Approximately 4% of the reads derived from the mock E. coliH. sapiens library (EH-Mock) mapped to the E. coli reference (Table 5). TAGC plots generated for the CLC and the SOAPdenovo2 assemblies using all contigs revealed two clusters (Figure 8): a large cluster with read coverage between 1 and 500 and GC between 20 and 80%, and a small, well-defined cluster with coverage greater than 100 and GC between 40 and 60%. Contigs in the large cluster were annotated with BLAST matches from the taxonomic order Primates, and those in the smaller cluster were annotated with matches from the taxonomic order Enterobacteriales. Overall, ~4 and 3% of the raw reads mapped to the small cluster contigs in the CLC and SOAPdenovo2 assemblies, respectively (Table 5). TGAC plots generated from a subset of randomly selected contigs (5%) resolved SOAPdenovo2 contigs into Enterobacteriales and Primate-annotated clusters but failed to identify distinct but clusters among CLC contigs (Figure 9). 4.5% of reads mapping to the randomly selected SOAPdenovo2 contigs mapped to contigs annotated as Enterobacteriales, while this figure was only 0.04% for CLC contigs (Table 5).

Table 5.

Mapping statistics for the mock-contaminated E. coli-human genomic library.

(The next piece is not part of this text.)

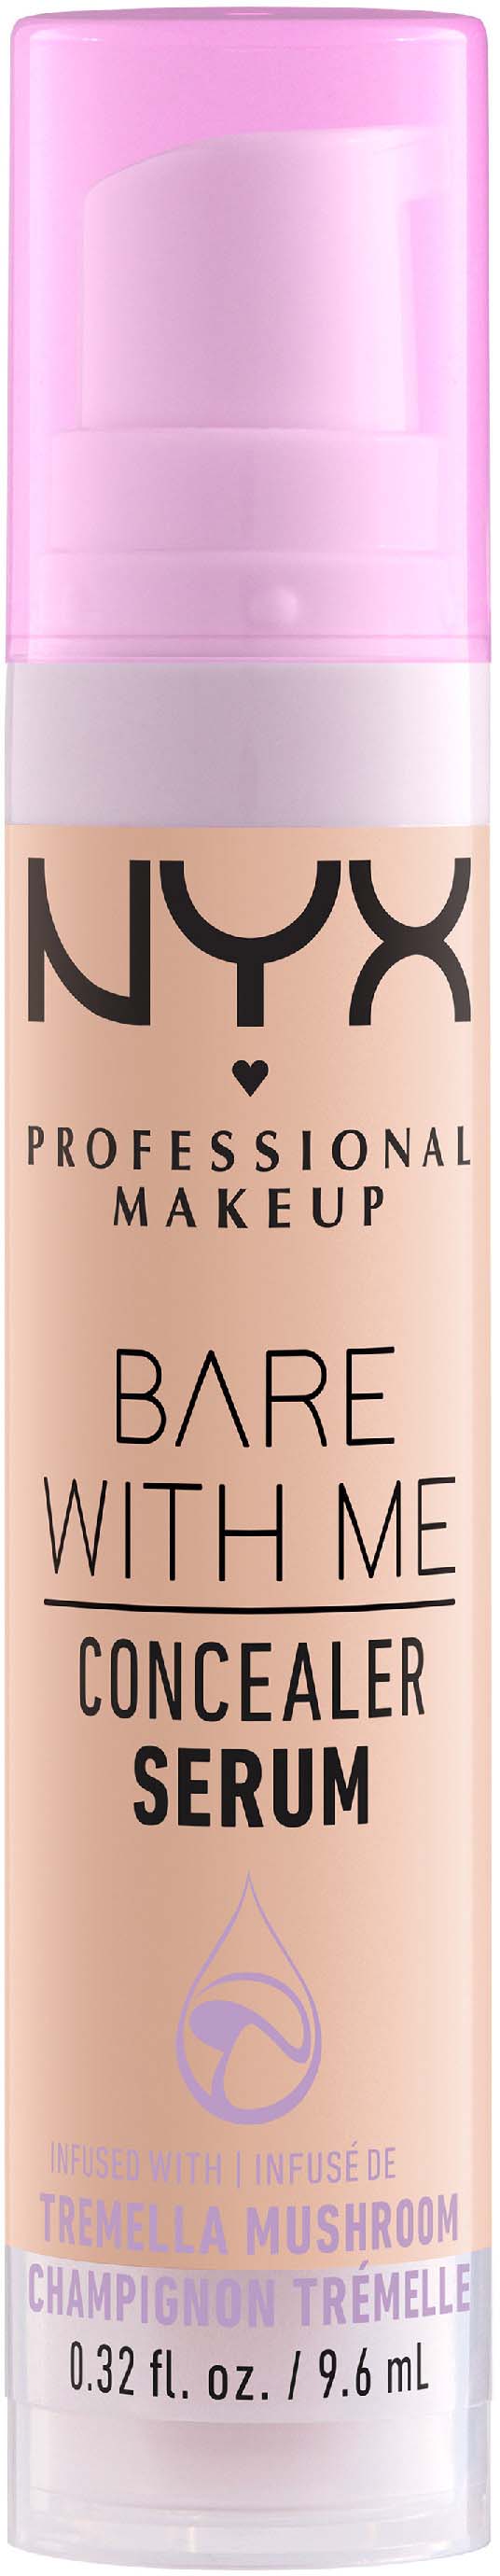 MAKEUP PROFESSIONAL NYX Me Serum Concealer Light Bare With
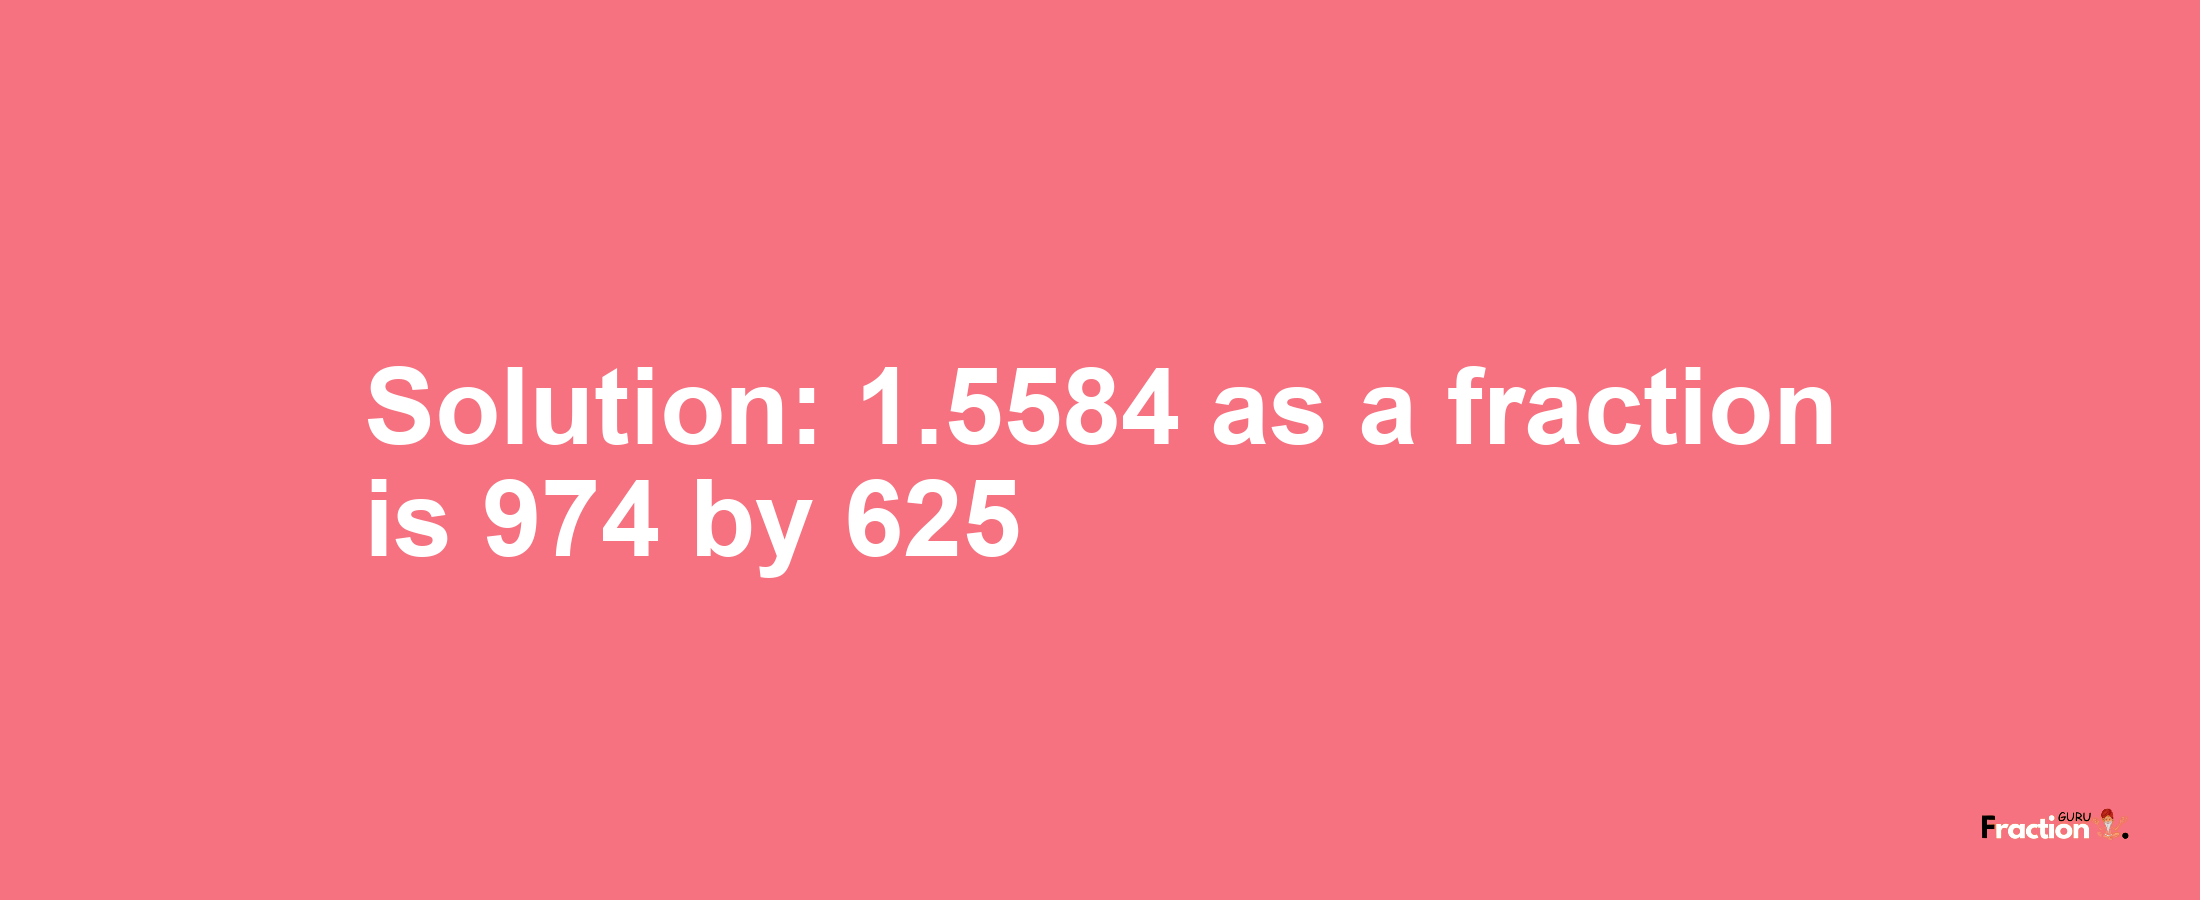 Solution:1.5584 as a fraction is 974/625

Reference #Sequences Total bases %Reference bases #Reads mapped %Reads mapped*
ALIGNMENT TO ALL CONTIGS
Human hg19 25 3,157,607,875 100.00 258,647,575 91.23*
E.coli K12 MG1655 1 4,705,957 100.00 11,536,466 4.07*
CLC all contigs 2,316,927 2,081,896,905 65.83 224,568,185 79.21*
CLC contigs annotated as enterobacteriales 159 4,464,778 94.88 11,514,531 4.06*
CLC contigs annotated as primates 953,061 649,718,210 20.58 68,061,165 24.01*
SOAPdenovo2 all contigs 4,548,560 2,269,464,719 71.77 192,053,787 67.74*
SOAPdenovo2 contigs annotated as enterobacteriales 4869 3,579,938 76.07 8,421,772 2.97*
SOAPdenvo2 contigs annotated as primates 3,697,548 1,848,428,560 58.54 146,728,858 51.75*
ALIGNMENT TO 5% CONTIGS SELECTED AT RANDOM
CLC contigs in subset (5%) 115,846 104,264,699 - 15,840,263 5.59*
CLC contigs in subset (5%) annotated as enterobacteriales 4 2248 0.05 7073 0.04*
CLC contigs in subset (5%) annotated as primates 47,440 32,471,856 1.03 5,027,091 31.74**
SOAPdenovo2 contigs in subset (5%) 227,428 113,433,961 - 9,675,703 3.41**
SOAPdenovo2 contigs in subset (5%) annotated as enterobacteriales 227 184,821 3.93 435,254 4.5**
SOAPdenvo2 contigs in a subset (5%) annotated as primates 184,892 92,556,545 2.93 7,382,636 76.3**
*

Mapped reads is relative to the total number of reads generated from the library.

**

Mapped reads is relative to the total number of reads mapped to the subset (5%) of randomly selected contigs.

Figure 8.

Figure 8

Taxon-annotated GC-coverage (TAGC) plots for the mock-contaminated E. coli-human library. (A) TAGC-plot generated after alignment to the CLC assembly; (B) TAGC-plot generated after alignment to the SOAPdenovo2 assembly. Individual contigs are plotted based on GC (X axis) and read coverage (Y axis, logarithmic scale). Contigs are colored according to the taxonomic order of the best megablast match to the NCBI nt database (with E-value < 1e-50). Contigs without an annotated BLAST match are shown in gray.

Figure 9.

Figure 9

Taxon-annotated GC-coverage (TAGC) plots from a subset of randomly selected contigs for the mock-contaminated E. coli-human library. (A) TAGC-plot generated after alignment to a random subset of contigs (5) from CLC assembly; (B) TAGC-plot generated after alignment to to a random subset of contigs (5) from the SOAPdenovo2 assembly. Individual contigs are plotted based on GC (X axis) and read coverage (Y axis, logarithmic scale). Contigs are colored according to the taxonomic order of the best megablast match to the NCBI nt database (with E-value < 1e-50). Contigs without an annotated BLAST match are shown in gray.

Discussion

We have described a rapid assembly and QC protocol that permits robust estimation of a number of key QC metrics (duplication rates and library insert sizes) in the absence of a high quality reference genome. We tested the performance of this protocol by comparing QC metrics derived from analyses against the unoptimized assemblies to those derived from mapping to reference assemblies, using E. coli, A. thaliana, and H. sapiens raw data. Because speed is essential within a production environment, we currently use CLC to generate preliminary assemblies in our current QC pipeline. To test our strategy using open-source software, we also included SOAPdenovo2 as it is widely used and can assemble larger genomes using significantly reduced time and memory relative to other assemblers (Li et al., 2010). We recognize that other assembly tools may give different results in this context but we note that comparing our results across a range of assemblers is outside the scope of this study focused on describing methodology established and routinely used in our facility.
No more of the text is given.